I’m a coach who’s switched over from using TrainingPeaks to using Intervals ICU as my main base for training programs and coaching. The European winter track season has started up and I’ve noticed it’s pretty difficult to manage track cycling training sessions and especially longer race days on the track within the program. I’m not talking about the actual planning and analysis of the training itself, but purely about how to use Intervals ICU to get the best out of track cycling activities.
As an example: A rider has a 5-hour race day in which there are 5 events, with a longer break between event 3 and 4. This results in a 5-hour ride file of which maybe 90 minutes are actual riding between races, warm-ups and cool-downs. Sprint days are even worse in this sense.
One of the issues is that 2 of those track races on a weekend mean that something like 7 extra hours of activity are logged. Obviously creating 10 separate activities for all the short sections of riding isn’t ideal either. I’ve tried designating every section of riding as ‘work’ by using laps but that way you miss out on actual efforts in training. Using the laps for actual sprints or efforts makes it more difficult to figure out how much the rider has ridden on the day.
The long days also mess up training load numbers and therefore also the whole idea behind the fitness charts (a 9-hour day with an average power of 29 watts and a normalized power of 129 watts and therefore a training load of 380 doesn’t seem to realistic to me).
I’m ready to accept that there’s no good way to deal with this and I just have to get by with what’s available but it’s still worth a try: Are there coaches or riders on Intervals who have figured out a better process to work with track cycling? What could be options to manage it better? And are there ideas out there on how to improve the program itself to better deal with uncommon activities like a full day of track races?
Jens, This is a good question. I’m the father of a track sprinter and a track commissaire (in Australia) who runs tons of sprint events, so I’m familiar with the quirks of track training and racing.
I haven’t thought much about it before now, but one idea would be to have the individual efforts or races be contained within a parent “session”, where each activity is recorded separately and linked to the parent. If we could then aggregate the time, work and other metrics from the associated activities for reporting and analysis, we would be in a good starting spot.
This approach could also work for triathlons, multi-sport events, enduro mountain biking and other disciplines where there are breaks between efforts.
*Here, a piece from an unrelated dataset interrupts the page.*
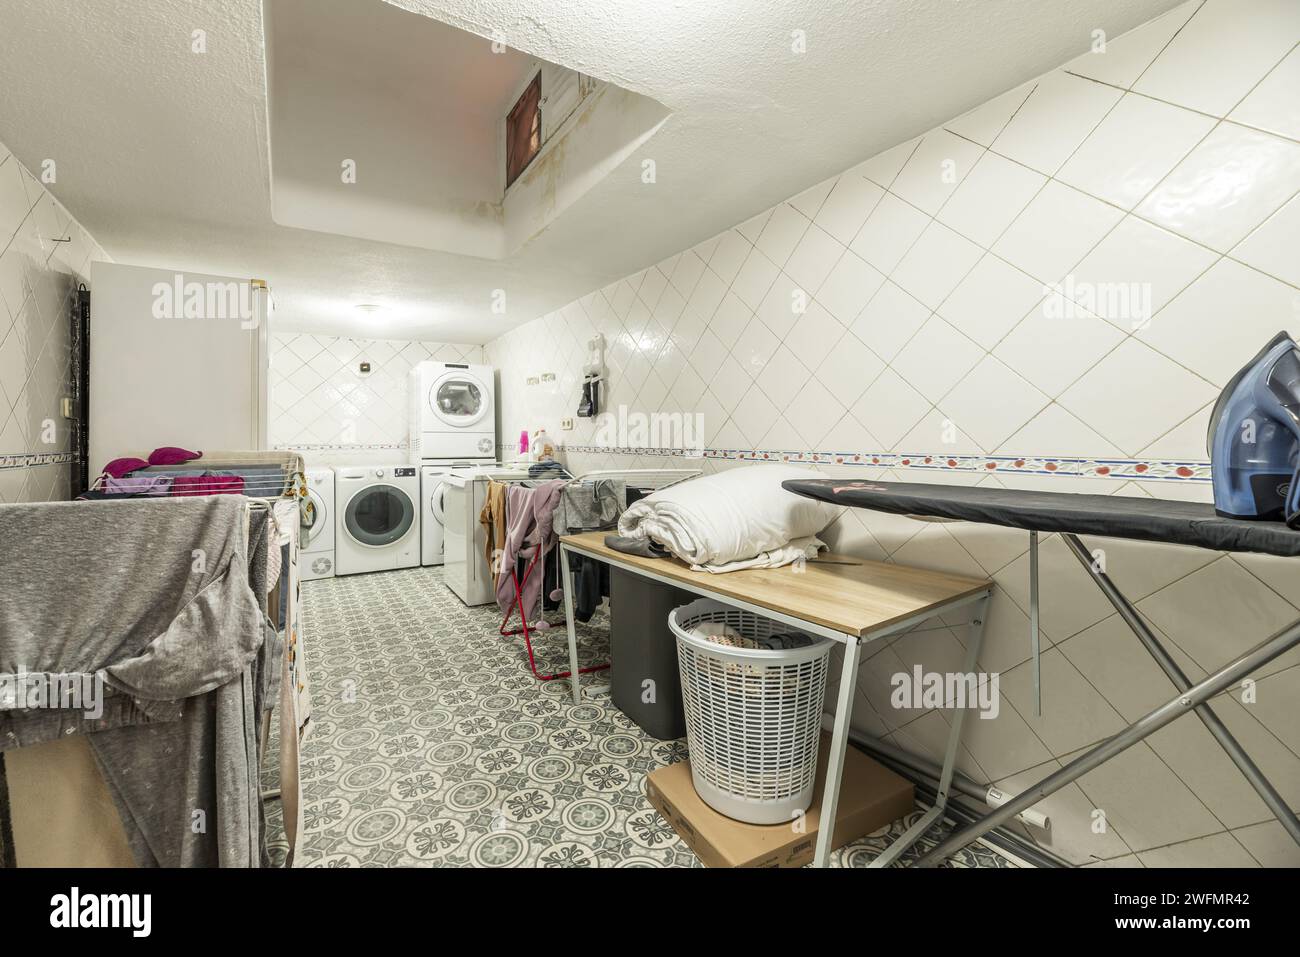 A room dedicated to laundry on the ground floor of a house full of clotheslines full of clothes, washing machines, dryers and ironing utensils Stock Photo

@david - any thoughts on this approach? It might involve a new object that could be a parent to Activities - users could still look at each Activity independently as well as “roll up” to the associated session. There would be other issues to tackle, such as how the user creates a session and selects the activities to be linked to it.
My understanding is that this would be correct. Whether a two hour ride is done at once or split into two identical one hour rides over even two days, the load totals would be the same. The second hour of a two hour ride would obviously be different, but the metrics do not account for that. This would be using Power. On a two hour ride HR would differ likely for the second, but using power there would be no difference in the totals.
So if you have one big file with many different effort sessions, rather than use laps, what if you parsed each effort into an interval? Whatever system, you still after all have to go into files after the day and identify what is what when. I imagine your riders are keeping track of which file is which, if recorded individually, so you know what you are looking at. Same if it’s all one file. You’d have to have some notes on what was done when.
What useful information would you get from an interval that you wouldn’t get from a singular file? What are you reviewing on these race days?